Self-hosted AI agent with Signal-grade encryption

Version Python License


Quick Start

Install from PyPI

pip install familiar-agent[llm]
export ANTHROPIC_API_KEY="sk-ant-..."   # or OPENAI_API_KEY
python -m familiar

Run from source

git clone https://github.com/omegcrash/familiar.git
cd familiar
pip install -e ".[llm]"
python -m familiar

If you have Ollama installed, it uses local AI (free, private). If you set an API key, it uses Claude or GPT instead.

That's it. No Docker, no databases, no config files needed.

Setup Wizard

For a guided setup experience, use the onboarding wizard:

python -m familiar --onboard          # CLI wizard (step-by-step)
python -m familiar --onboard-tui      # Rich terminal UI (keyboard-navigable)
python -m familiar --reconfigure      # Re-run setup to change settings

The wizard auto-detects your LLM providers (Anthropic, OpenAI, Gemini, Ollama), lets you configure channels (Telegram, Discord, Matrix, WhatsApp, Signal, iMessage, Teams, CLI), sets up encryption, and sends a test message — all in under 5 minutes. A web-based version is also available at /onboard on the dashboard.

See docs/CHANNELS.md for per-channel setup instructions.

To run the web wizard from another device on your LAN (e.g. setting up a Raspberry Pi from your laptop):

FAMILIAR_ONBOARD_LAN=1 python -m familiar --dashboard
# Then open http://<pi-ip>:5000/onboard from your laptop

What Is Familiar?

A self-hosted AI agent that runs on your machine — from a Raspberry Pi to a workstation. Talk to it through CLI, Telegram, Discord, Matrix, Teams, or the web dashboard. It remembers context, executes tools, manages your calendar, reads your email, controls GPIO pins, and browses the web.
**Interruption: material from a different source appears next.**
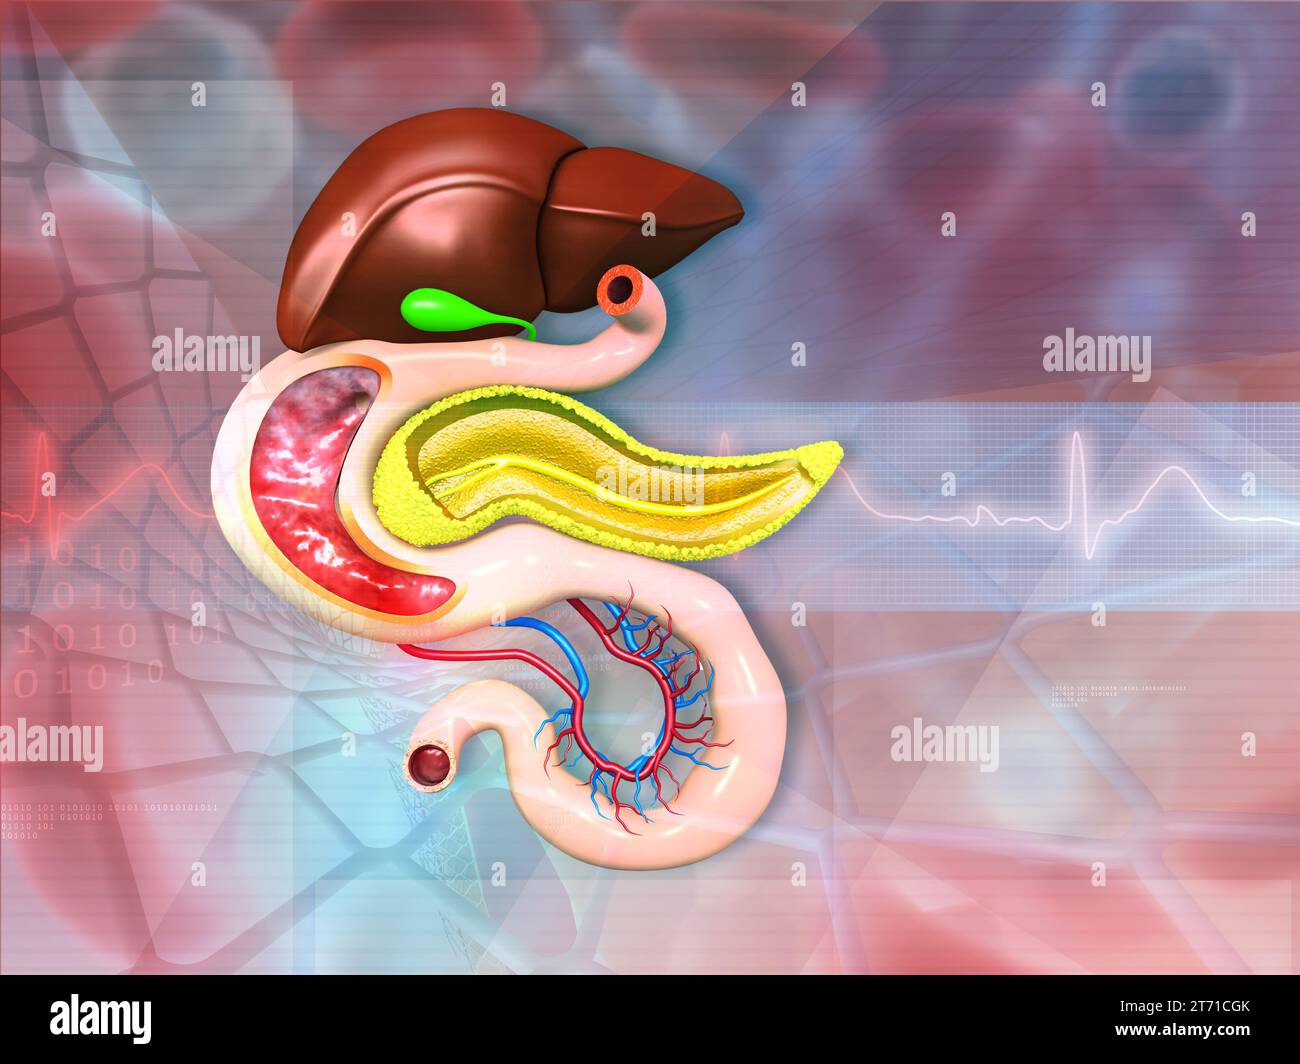 Anatomia dell'apparato digerente umano su sfondo medico. illustrazione 3d. Foto Stock

Everything is encrypted locally. Your conversations never leave your hardware unless you choose a cloud LLM provider.

Features

  • Multi-provider LLM — Claude, GPT, Gemini, or local models via Ollama (llama3.2, deepseek-r1, qwen2.5, qwen3, mistral, gemma3, phi4)
  • 60+ skills — email, calendar, browser, knowledge base, tasks, GPIO, voice, documents, Nextcloud, Gitea, Jellyfin, bookkeeping, and more
  • Signal-grade encryption — Double Ratchet secure transport, sessions and memory encrypted at rest
  • Multi-channel — CLI, Telegram, Discord, Matrix, Teams, web dashboard, Signal, iMessage, WhatsApp, SMS
  • Web dashboard — Svelte 5 + Tailwind UI with real-time activity monitoring, Memory Tree visualization, credential management, workspace panels per job class
  • 9 job classes — Helper, Social Worker, Business Buddy, Nonprofit Director, Chef, Artist, Security Analyst, OSINT Researcher, Network Admin
  • Raspberry Pi optimized — runs on 4GB Pi with local Ollama models
  • Multi-device mesh — encrypted peer-to-peer networking, shared memories, model sharing, ICQ-style messaging
  • Memory Tree — unified FTS5 search + typed graph edges + PageRank ranking, 4-tier architecture with temporal validity
  • HIPAA-ready — compliance mode with audit logging, PHI detection, encryption at rest
  • Self-hosted services — provision Gitea, Mealie, Nextcloud, Jellyfin, SearXNG, Pi-hole via Podman/Docker
  • Circuit breaker resilience — automatic provider fallback, agent lifecycle events, tool category metrics
  • Self-hosted email server — built-in SMTP/IMAP server for fully self-hosted email

Advanced Installation

For running as a system daemon, Pi optimization, or full dependency install:

# Full install with all extras
pip install familiar-agent[full]

# Pi-specific with Ollama optimization
./familiar/scripts/install-pi.sh --with-ollama

# Nonprofit preset (email, calendar, tasks)
./familiar/scripts/install-pi.sh --nonprofit

See docs/INSTALL.md for detailed options.


Configuration

Copy and edit the sample config:

cp config.sample.yaml ~/.familiar/config.yaml

Key settings:

llm:
  default_provider: anthropic     # or openai, ollama
  anthropic_model: claude-sonnet-4-6
  ollama_model: llama3.2

agent:
  name: Familiar
  memory_enabled: true
  skills_enabled: true

security:
  encrypt_sessions: true
  encrypt_memory: true

Project Structure

familiar/
├── pyproject.toml           # Package config (pip install -e .)
├── Dockerfile               # Container build
├── config.sample.yaml       # Example configuration
├── familiar/
│   ├── __main__.py          # CLI entry point
│   ├── core/                # Agent, providers, memory, mesh, resilience
│   ├── channels/            # CLI, Telegram, Discord, Matrix, Teams, etc.
│   ├── skills/              # 60+ built-in skills
│   ├── dashboard/           # Flask backend + Svelte 5 frontend
│   │   ├── app.py           # API endpoints
│   │   ├── templates/       # v1 Jinja templates
│   │   └── frontend/        # v2 Svelte 5 + Tailwind (at /v2)
│   ├── services/            # Self-hosted service provisioning (Podman/Docker)
│   ├── onboard/             # Setup wizard
│   ├── docs/                # Documentation
│   └── tests/               # 103 test files

License

MIT — Copyright (c) 2026 George Scott Foley

See LICENSE for full text.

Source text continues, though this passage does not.